Research output: Contribution to journalReview articlepeer-review

Abstract

A decade ago, the first reviews of the collective mitochondrial DNA (mtDNA) data from Native Americans concluded that the Americas were peopled through multiple migrations from different Asian populations beginning more than 30,000 years ago. These reports confirmed multiple-wave hypotheses suggested earlier by other sources and rejected the dominant Clovis-first archeological paradigm. Consequently, it appeared that molecular biology had made a significant contribution to the study of American prehistory.
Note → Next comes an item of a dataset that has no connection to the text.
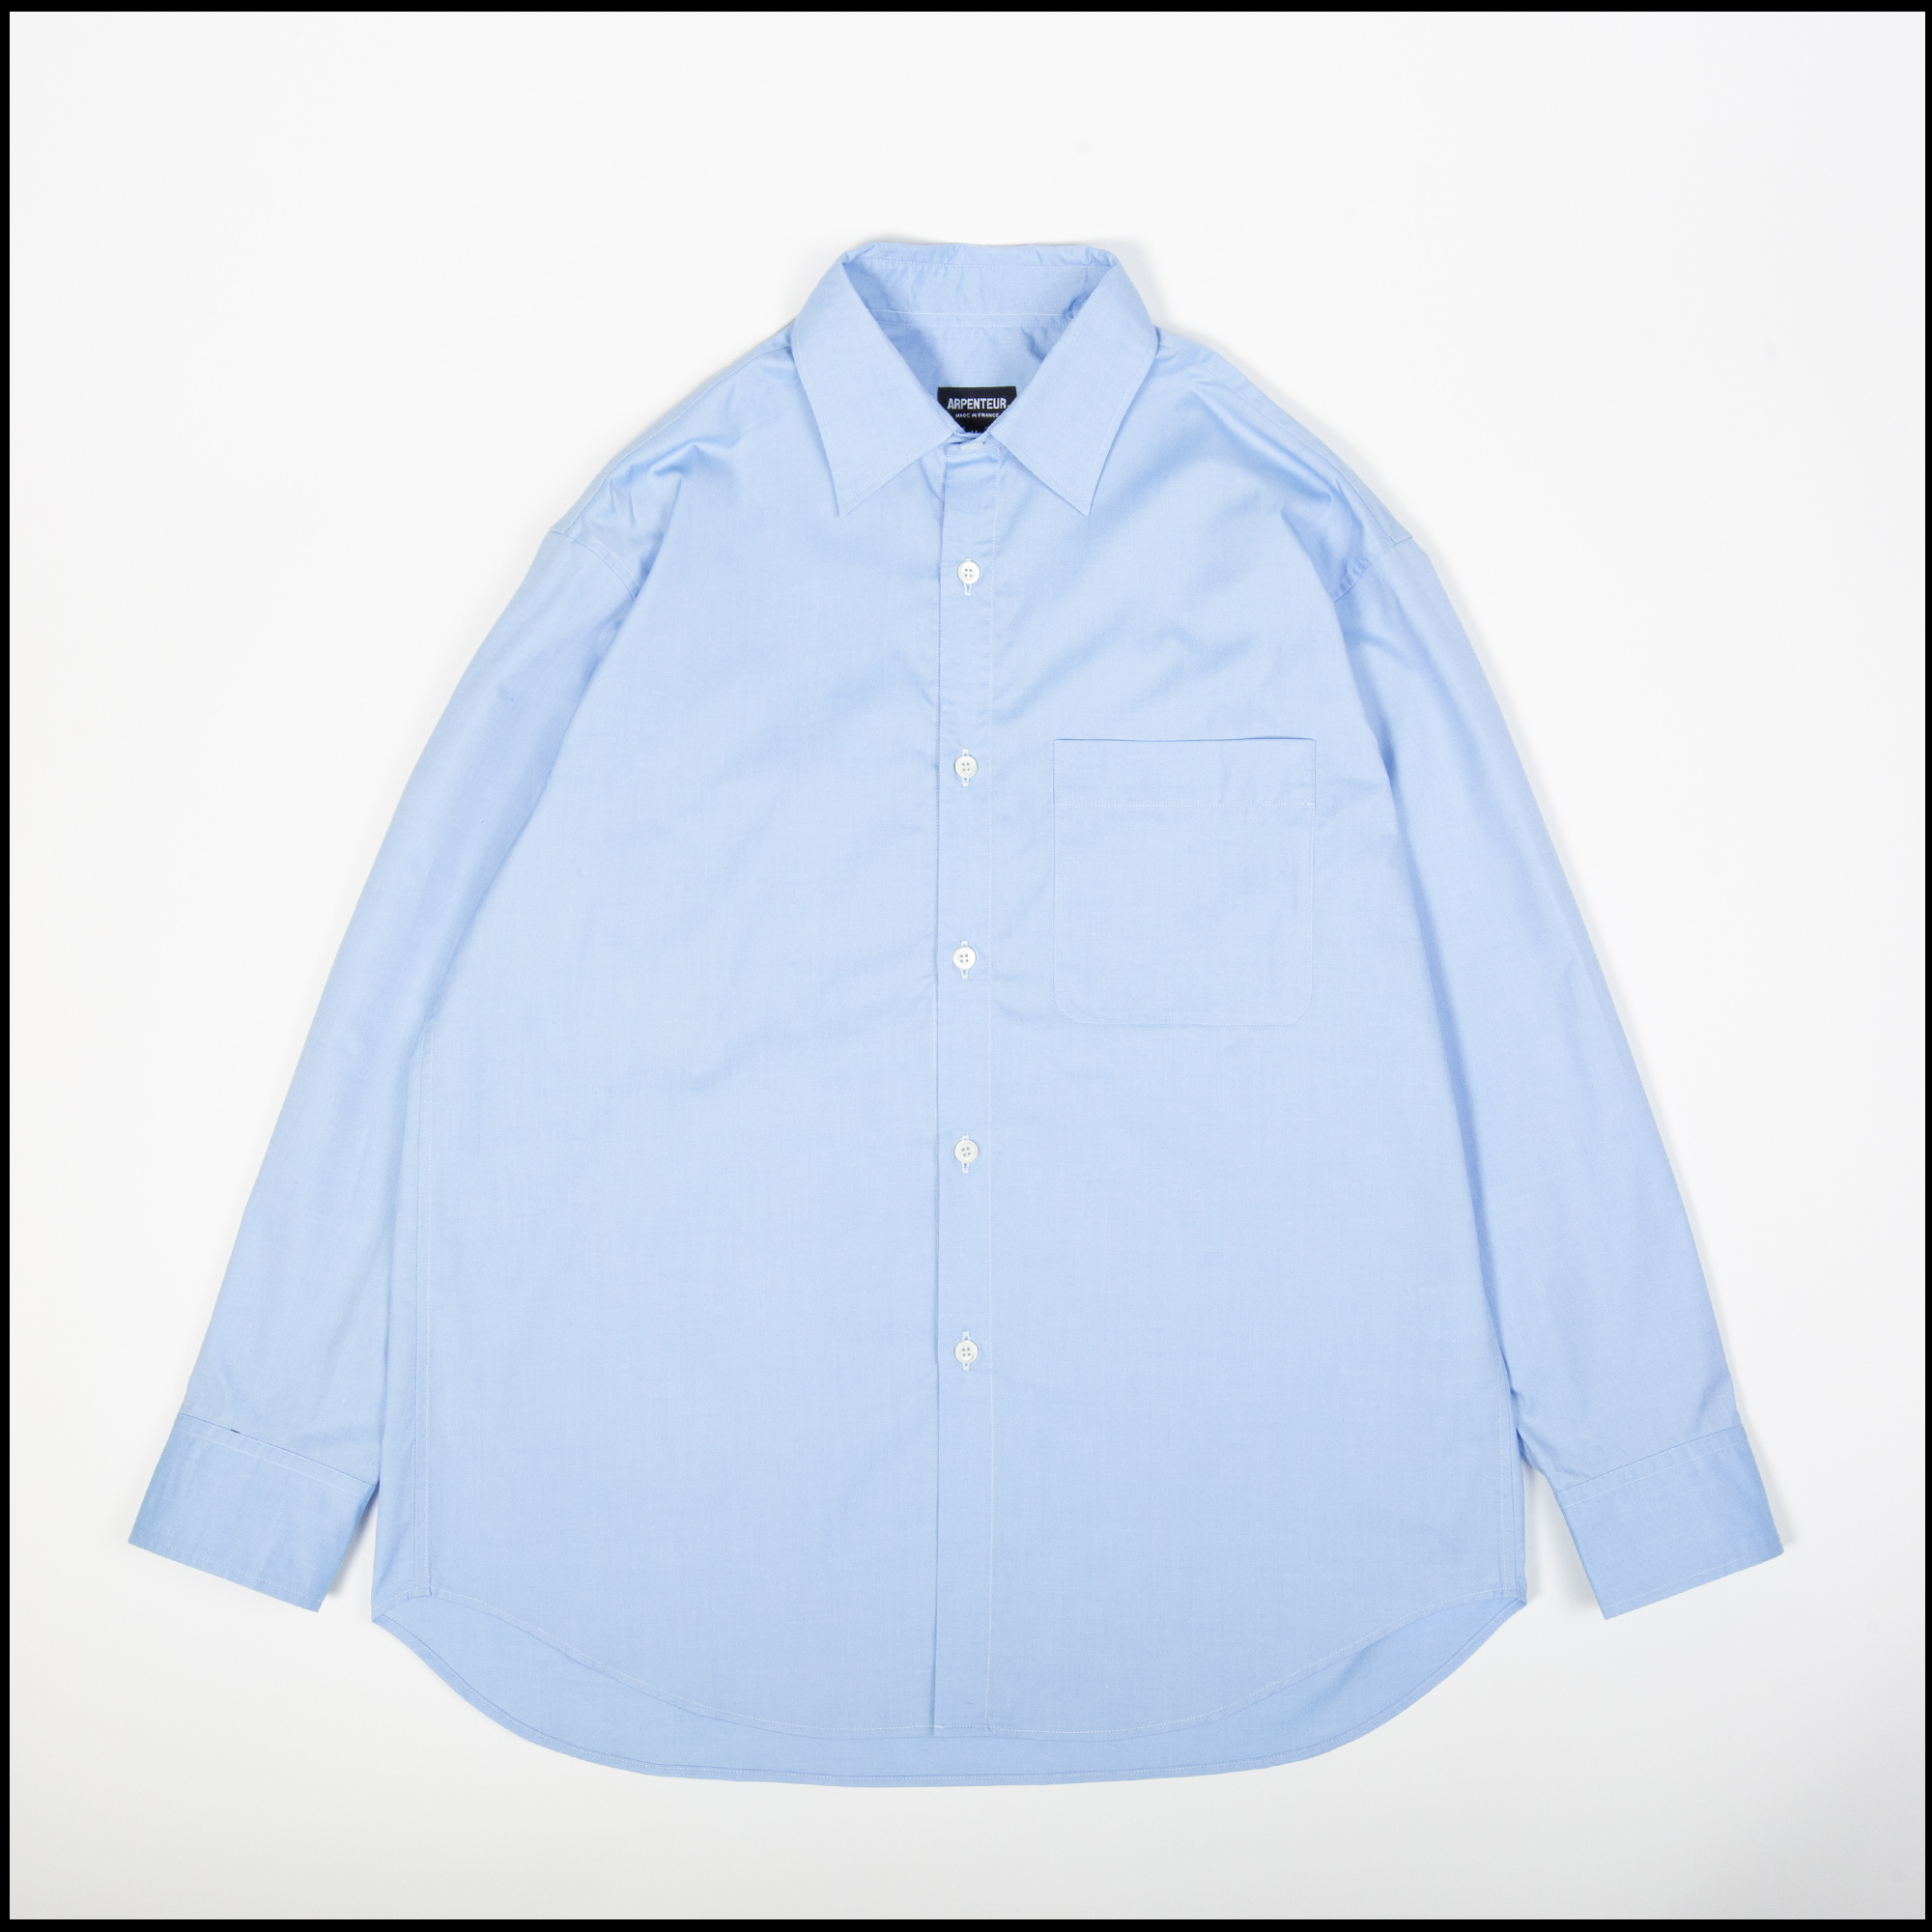 DORIS shirt in Light blue color by Arpenteur

As Cann comments, the Americas held the greatest promise for genetics to help solve some of the mysteries of prehistoric populations. In particular, mtDNA appeared to offer real potential as a means of better understanding ancient population movements. A decade later, none of the early conclusions remain unequivocal. Nevertheless, in its maturity, the study of Native American mtDNA has produced a volume of reports that still illuminate the nature and timing of the first peopling and postcolonization population movements within the New World.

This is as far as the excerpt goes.